===== Data segment

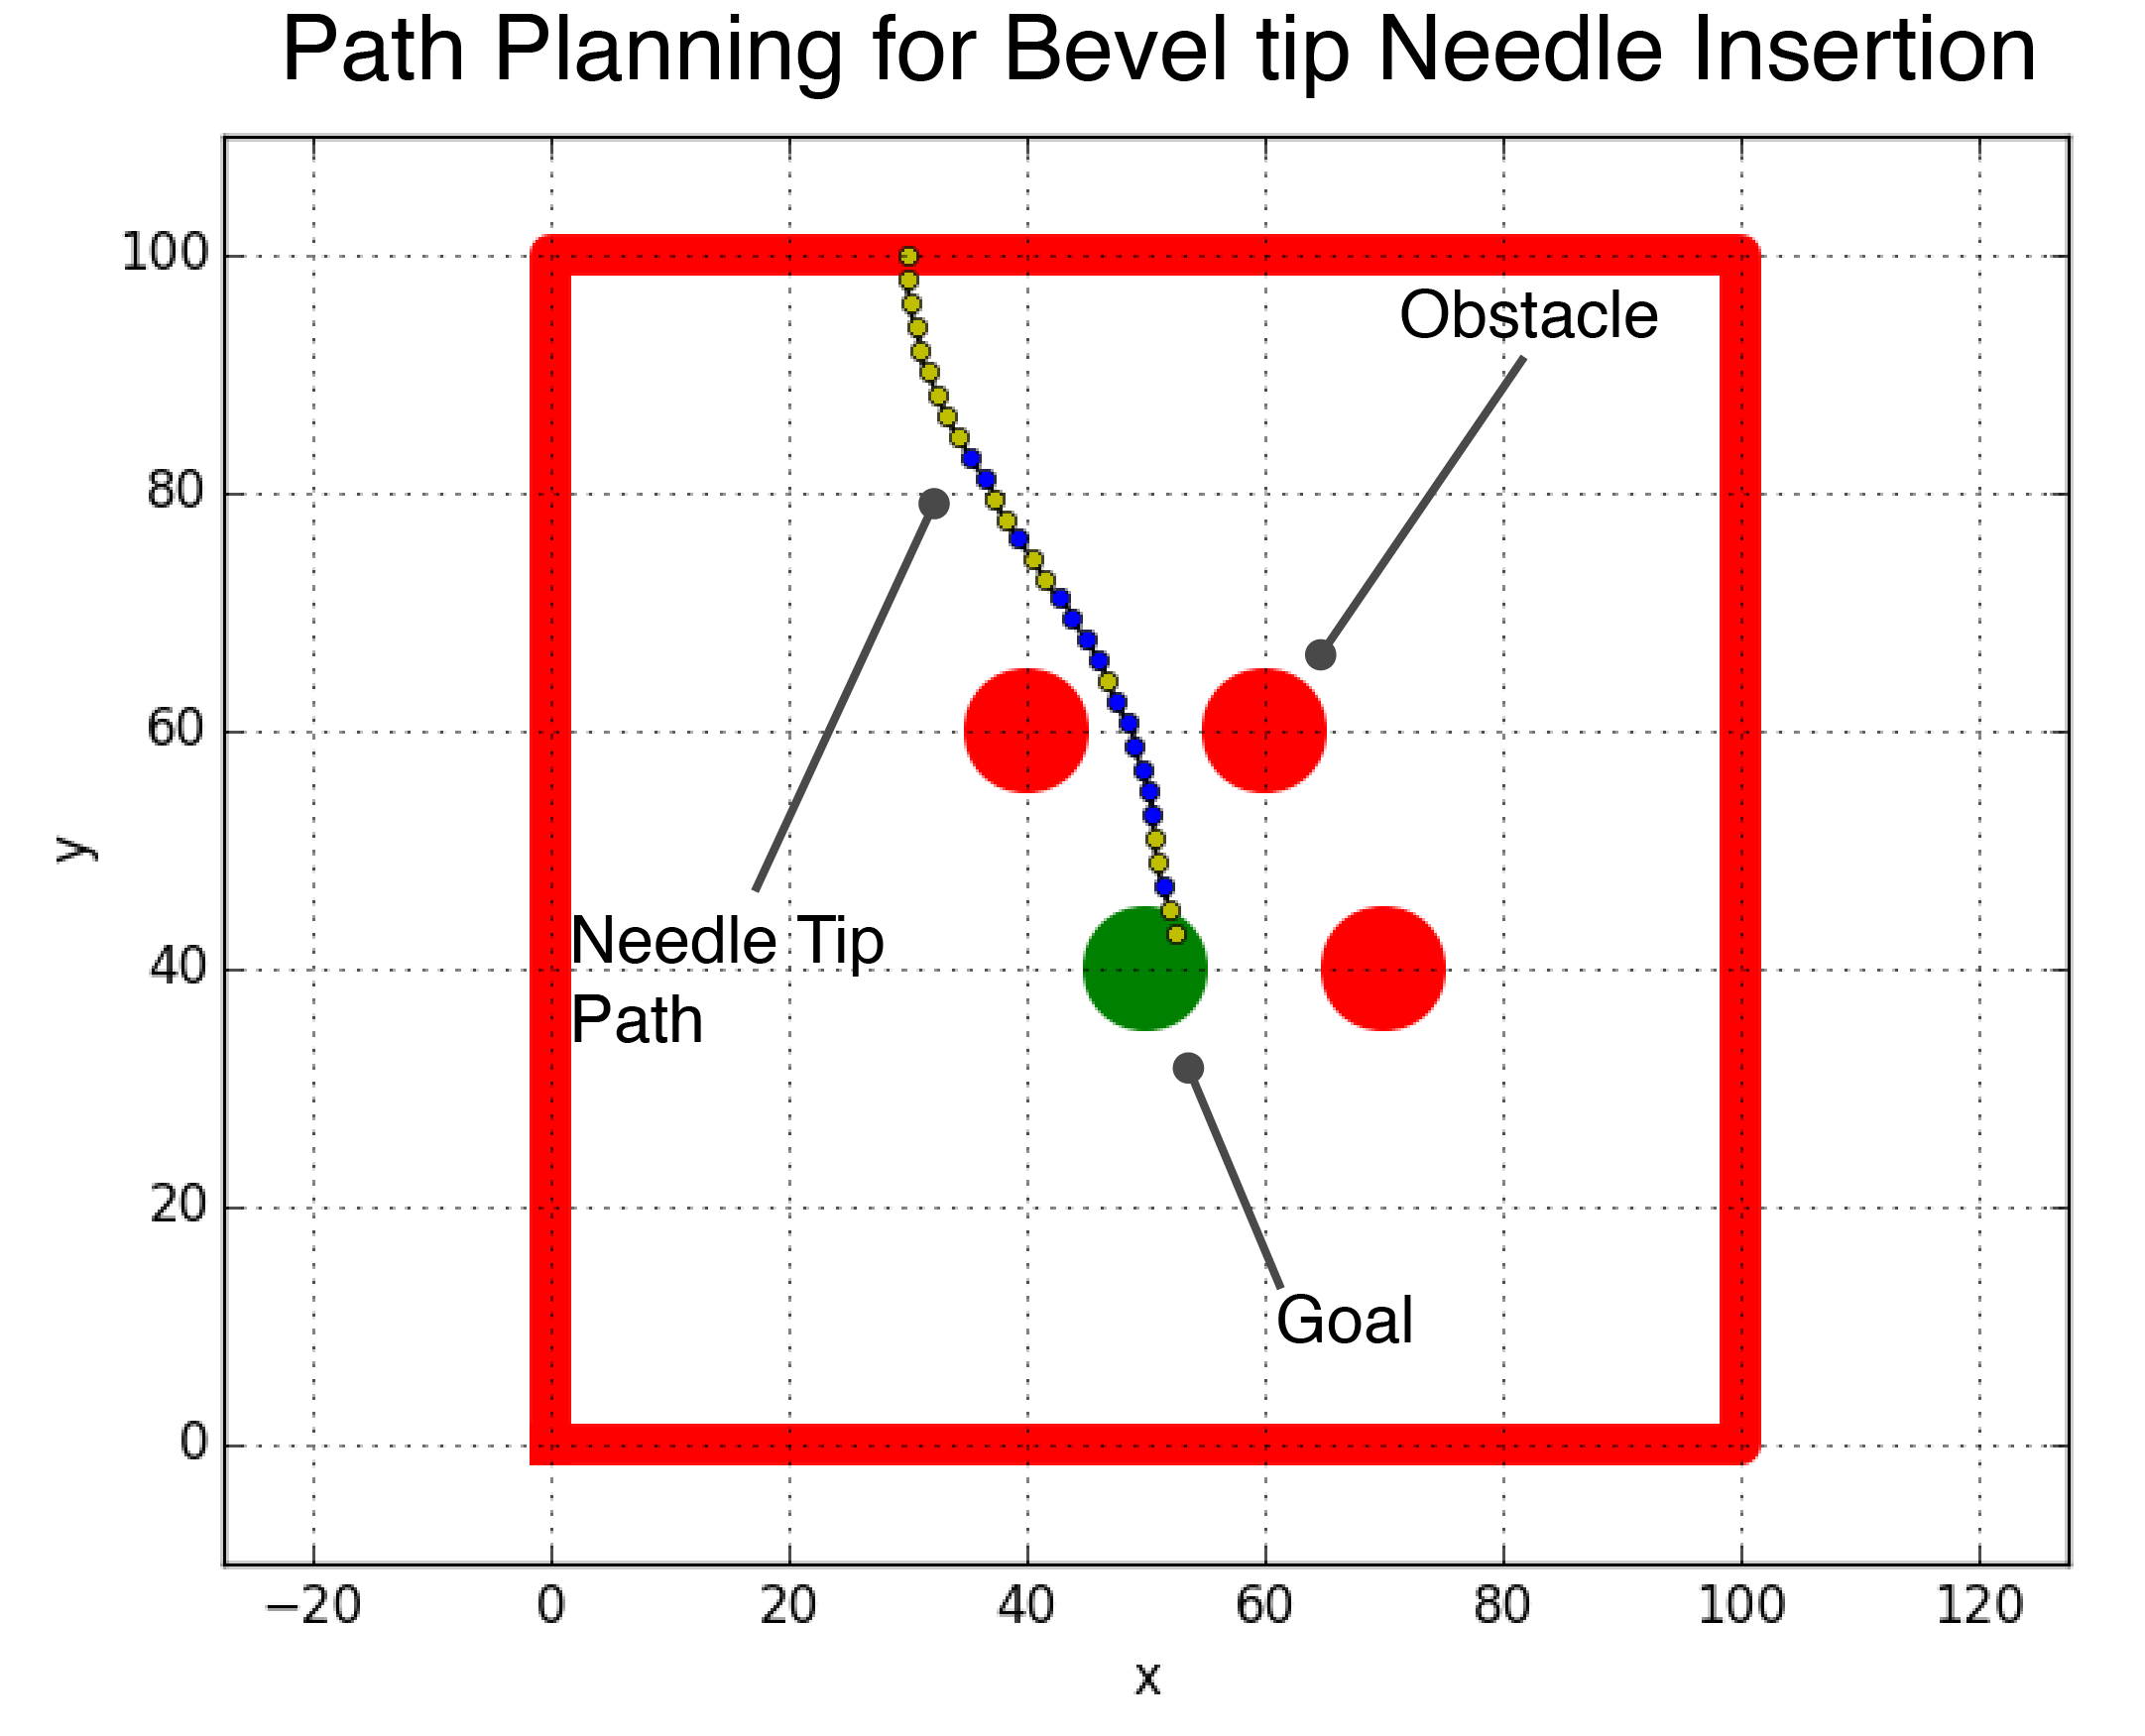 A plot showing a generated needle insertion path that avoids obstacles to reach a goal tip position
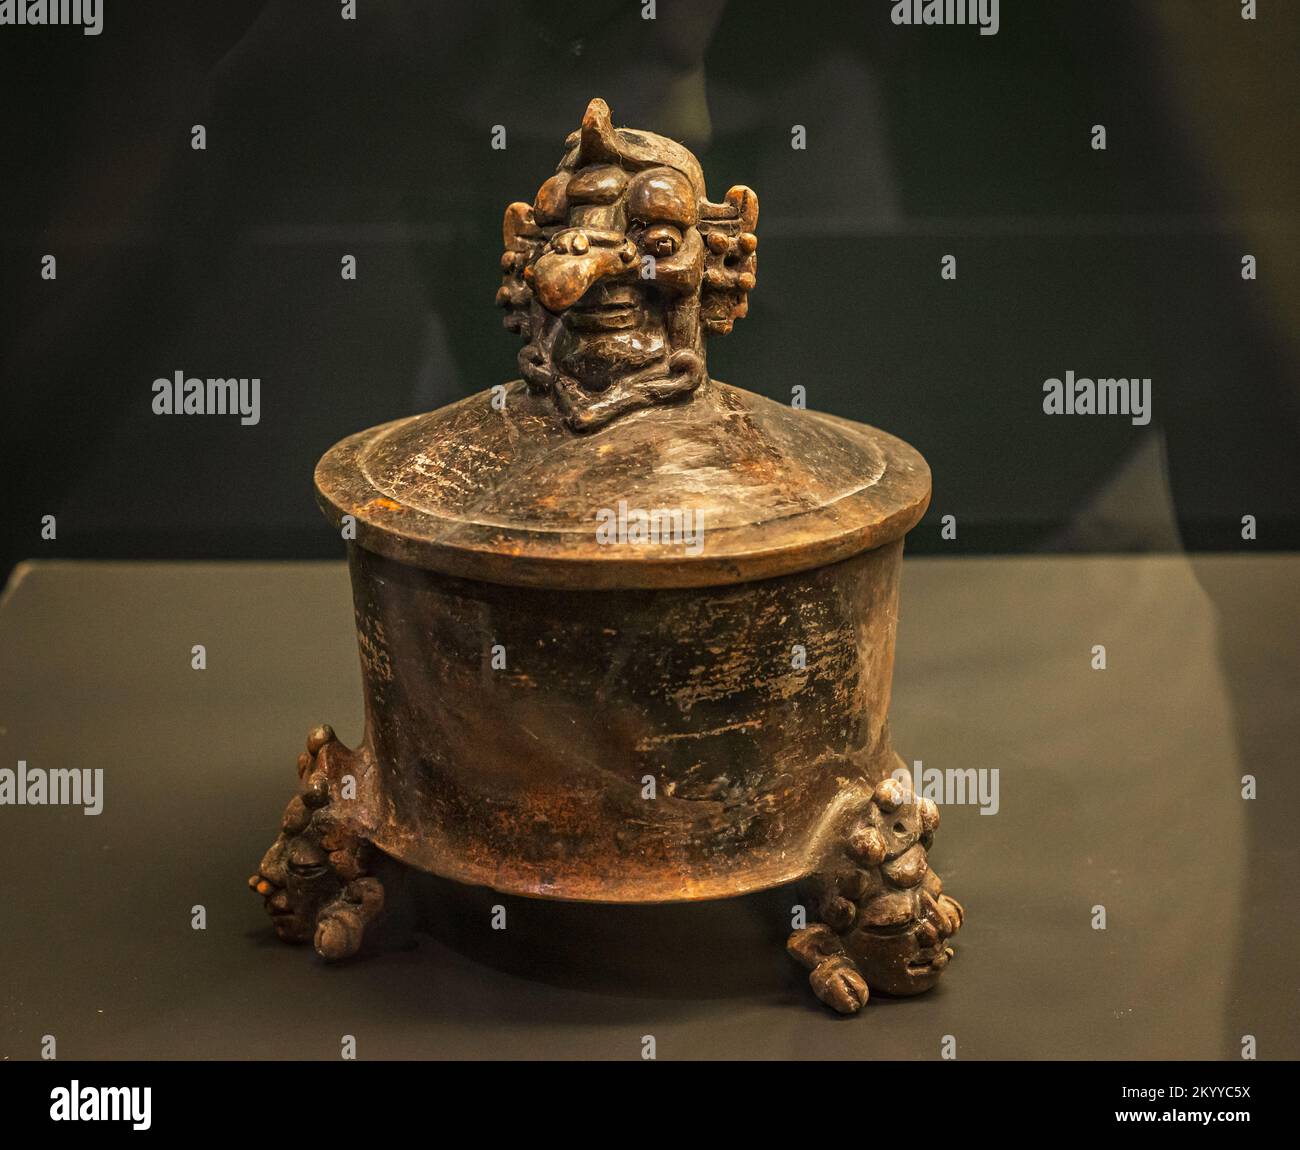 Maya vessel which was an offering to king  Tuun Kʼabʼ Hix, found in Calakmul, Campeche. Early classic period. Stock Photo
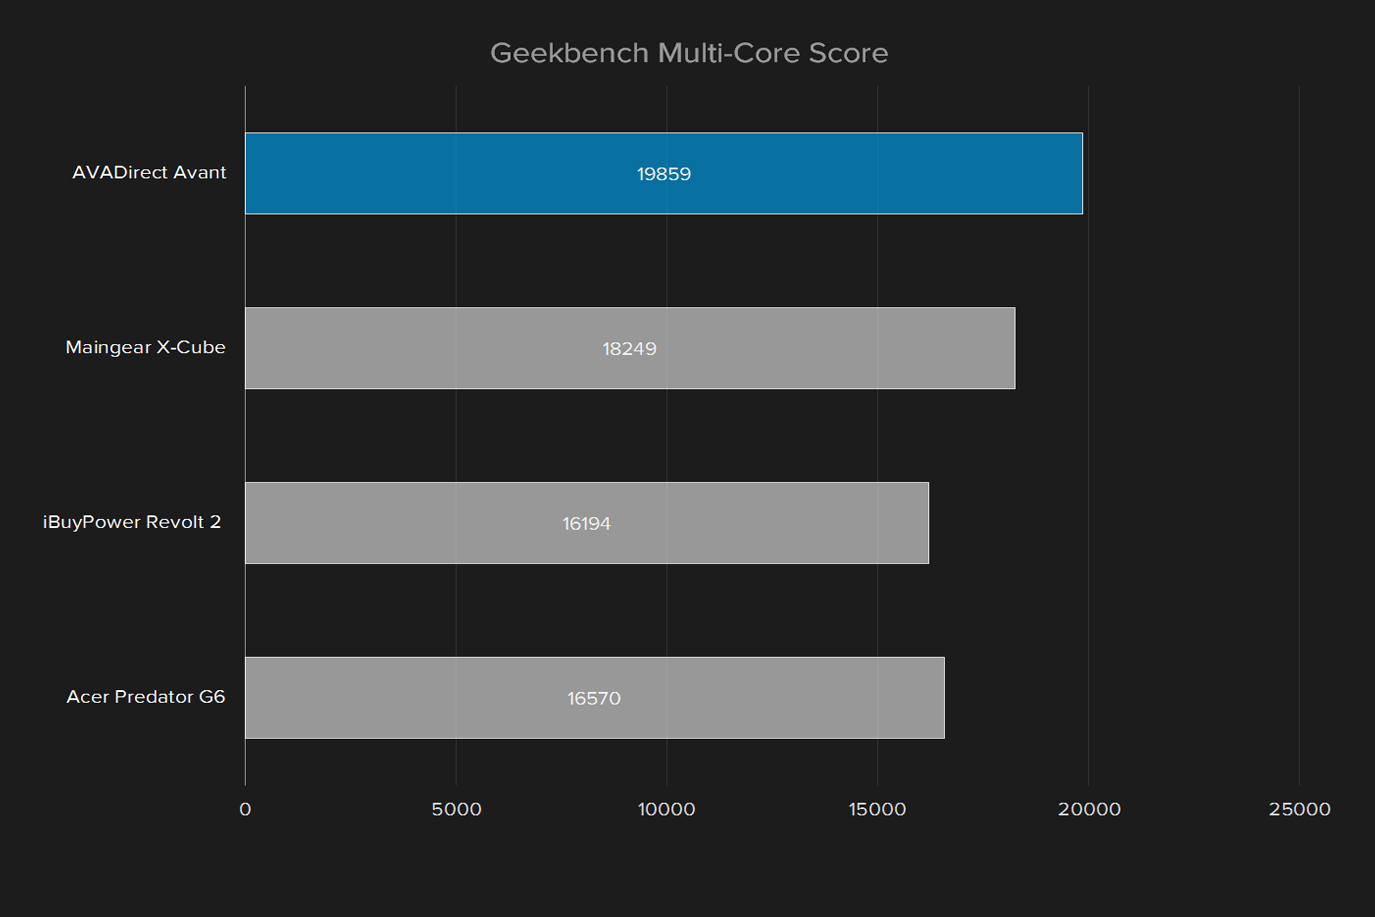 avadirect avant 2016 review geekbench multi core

==========

The material above must be reproduced line for line, with the images omitted.

 A plot showing a generated needle insertion path that avoids obstacles to reach a goal tip position
 Maya vessel which was an offering to king  Tuun Kʼabʼ Hix, found in Calakmul, Campeche. Early classic period. Stock Photo
 avadirect avant 2016 review geekbench multi core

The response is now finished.